PROMPT: Oldest Clothes

What’s the oldest thing you’re wearing today?

A pair of flip-flops I got in Tagbilaran, Philippines almost ten years ago when an airline lost our luggage and we had to replace our travel wardrobe from the slim pickings of a local store. (It was actually a well-stocked store, but Filipinos tend to be smaller — but when they aren’t, they’re apparently much bigger. So, sizing mostly went: XS, S, M, XXXL, XXXXL. And I needed an L in Filipino sizes. Actually, the bigger stock probably just doesn’t turn over. Maybe the lack of L’s suggested it was a popular size.)

Not bad for a cheap purchase meant only to hold up through a crisis.

PROMPT: Shoes

Daily writing prompt
Tell us about your favorite pair of shoes, and where they’ve taken you.

Well, they were Timberland hiking boots, a pair that was comfortable and had served me well on a number of hikes in various parts of the world. Then, on the Goechala Pass Trek in Sikkim, I learned that they were only held together by some planned-obsolescent glue.

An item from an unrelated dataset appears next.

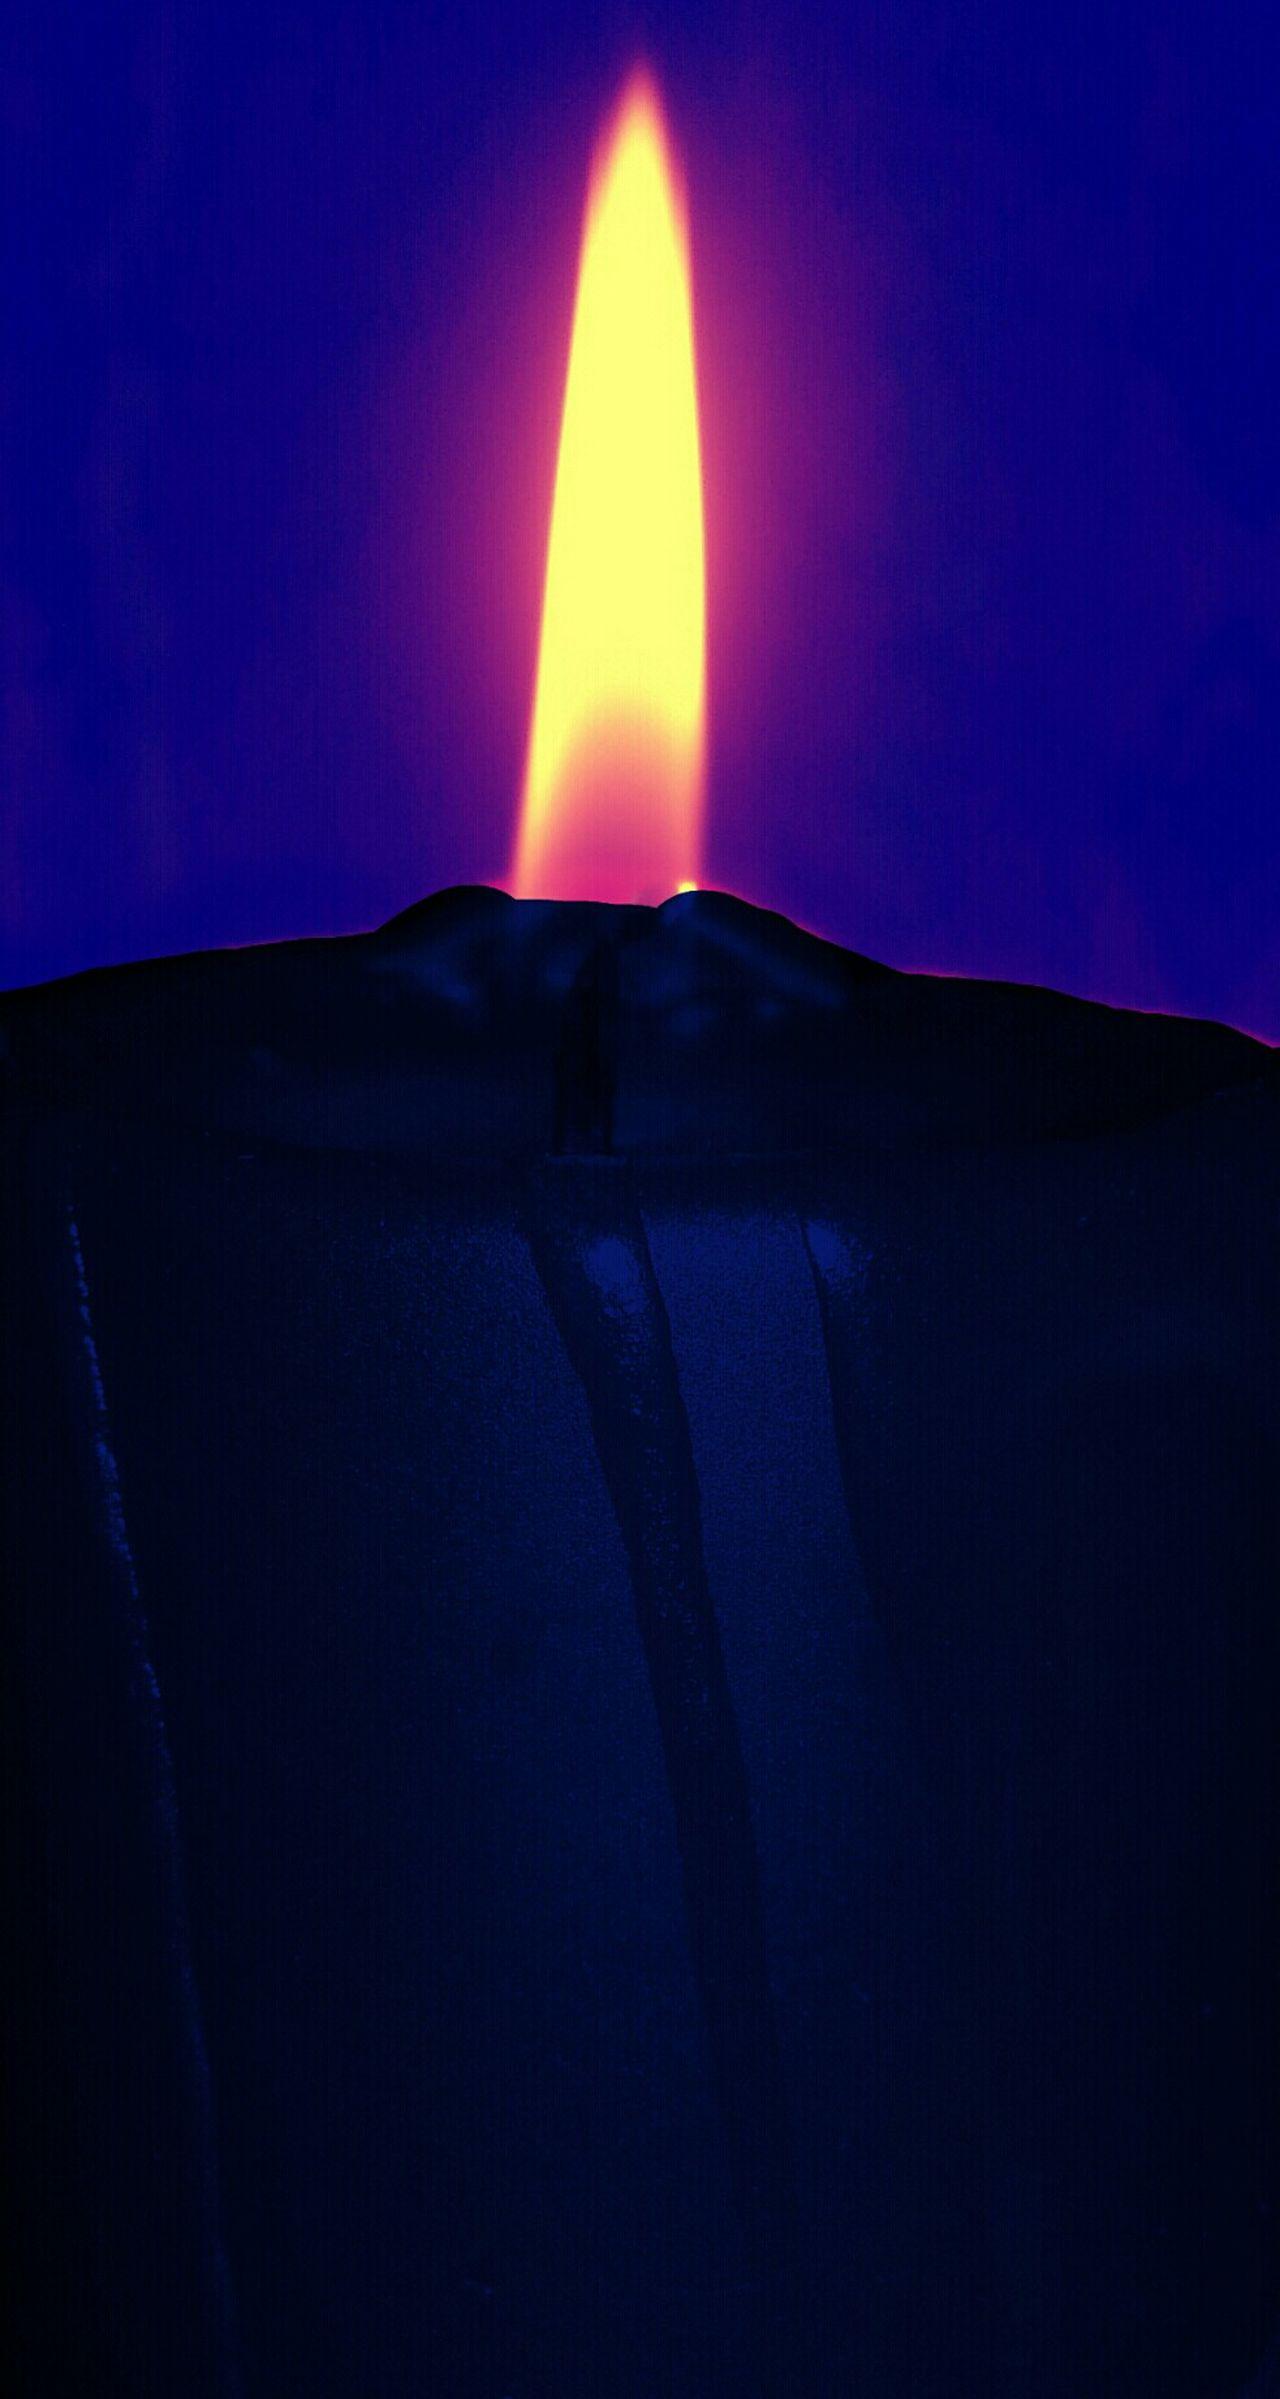 Kerzenlicht ... Candlelight :-) Eyeemphotography Beautiful Schön Candlelight Kerze Candle Kerzenzauber Lichterglanz Lichterzauber Taking Photos Candles-collection The Week On Eyem Beliebte Fotos Hello World EyeEm Candle Collection Kerzenfoto Kerzenlicht Colour Of Life Eyeem Market Gemütlichkeit Coziness EyeEm Gallery I Like It Check This Out
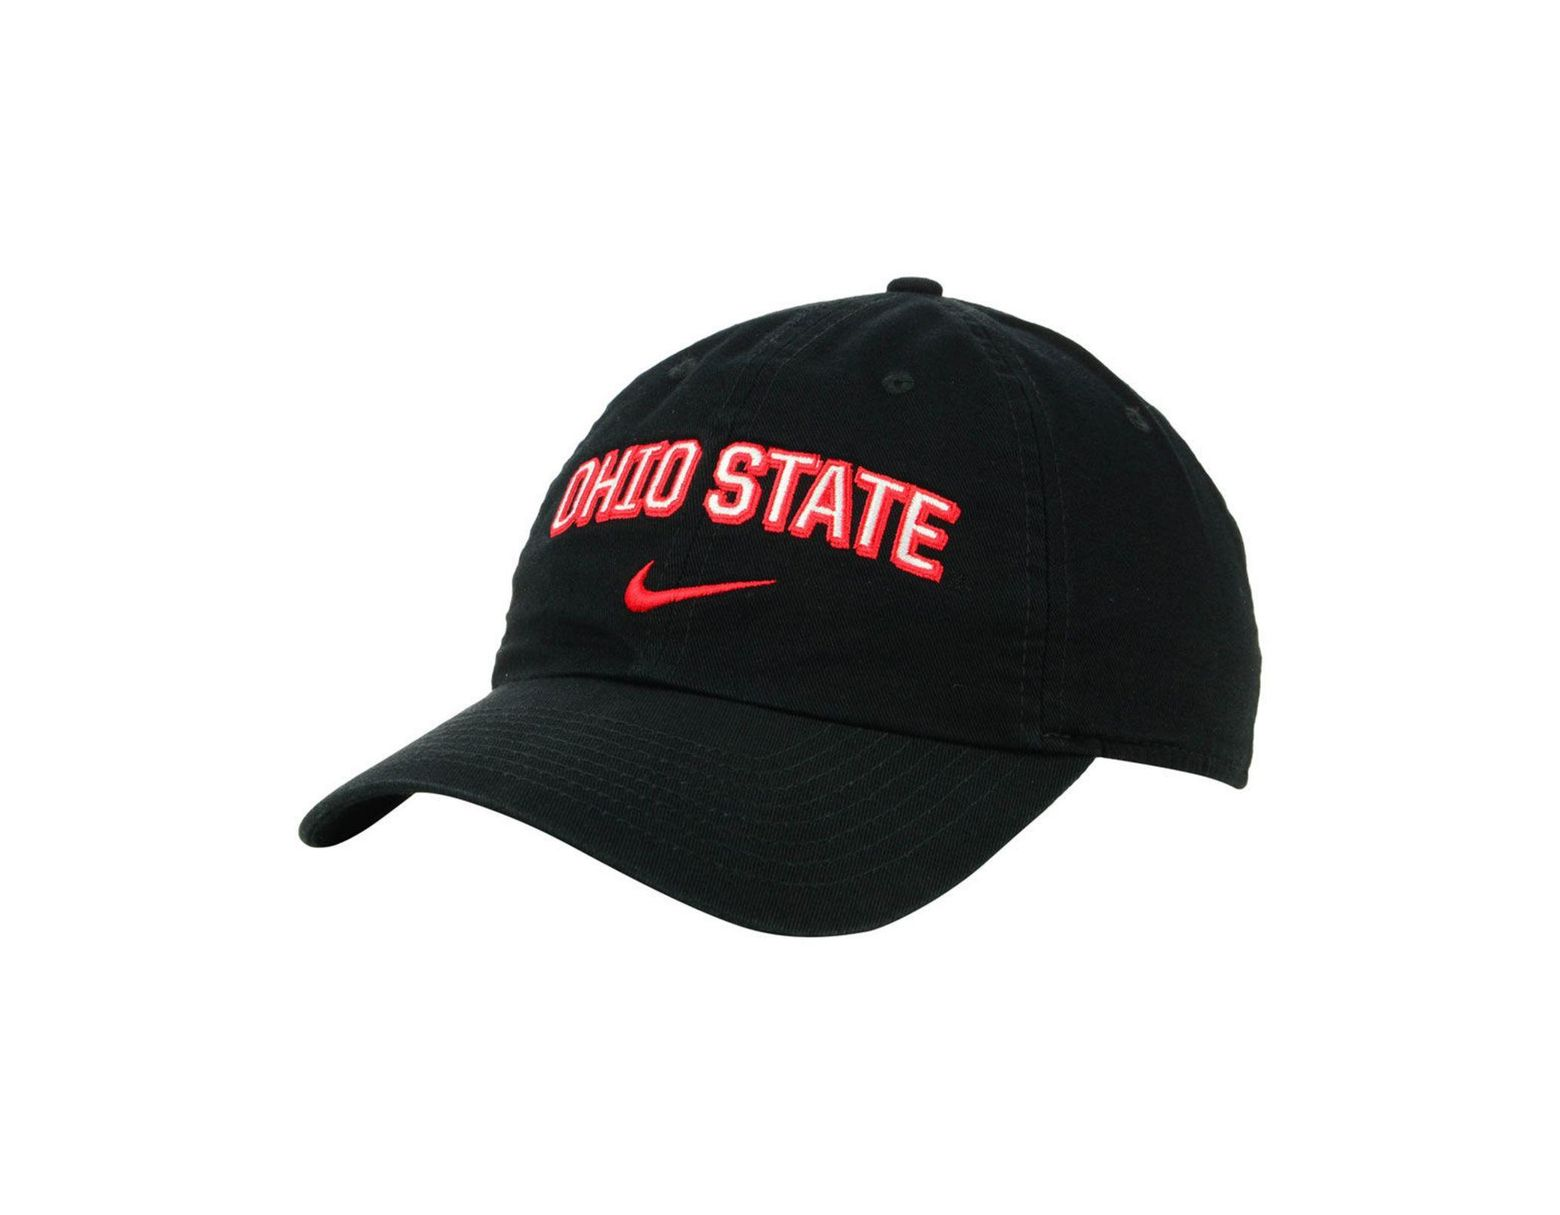 size 40 0e12f 1f914 Nike Ohio State Buckeyes H86 Wordmark Swoosh Cap in Black for Men - Lyst

I had to hike six days with one of the soles strapped to my foot for one of the boots, and five days for the other. Yes, after so many miles of hiking in various environments, they fell apart within one day of each other. I guess the glue has a finite number of puddle steps in it, and I hit that number one day earlier with one boot than the other. That’s when I realized there’s nothing special about a shoe. It’s just a bunch of the lowest cost materials stuck together in the lowest cost assembly method and designed so you’ll have to buy a new pair every few months to years, depending upon the type of shoe, its use, and its price point. If there were a monopoly on shoe production, no pair would last more than a week. It’s only competition that allows for some halfway decent pairs to exist. I’m happy with any shoe that protects my feet, and — once it doesn’t — it’s dead to me.

DAILY PHOTO: Shoe Memorial

Taken in December of 2014 in Budapest.

Taken in December of 2014 in Budapest.

On the bank of the Danube, Pest-side just south of the Parliament building, there is an eery memorial consisting of an irregular row of shoes. The shoes are made of metal, but their brown rust looks like worn, brown shoe leather. It is in remembrance of the victims of the Arrowcross Militia who were shot there and left to topple into the river.

The Arrowcross Militia were Hungary’s Nazis. Hungary was allied with Germany at the beginning of World War II, but at one point (in 1944, as I recall) Hungary tried to break this alliance. Germany responded by taking over Hungary, and giving the Arrowcross (their fellow hardcore fascists) greater power and influence.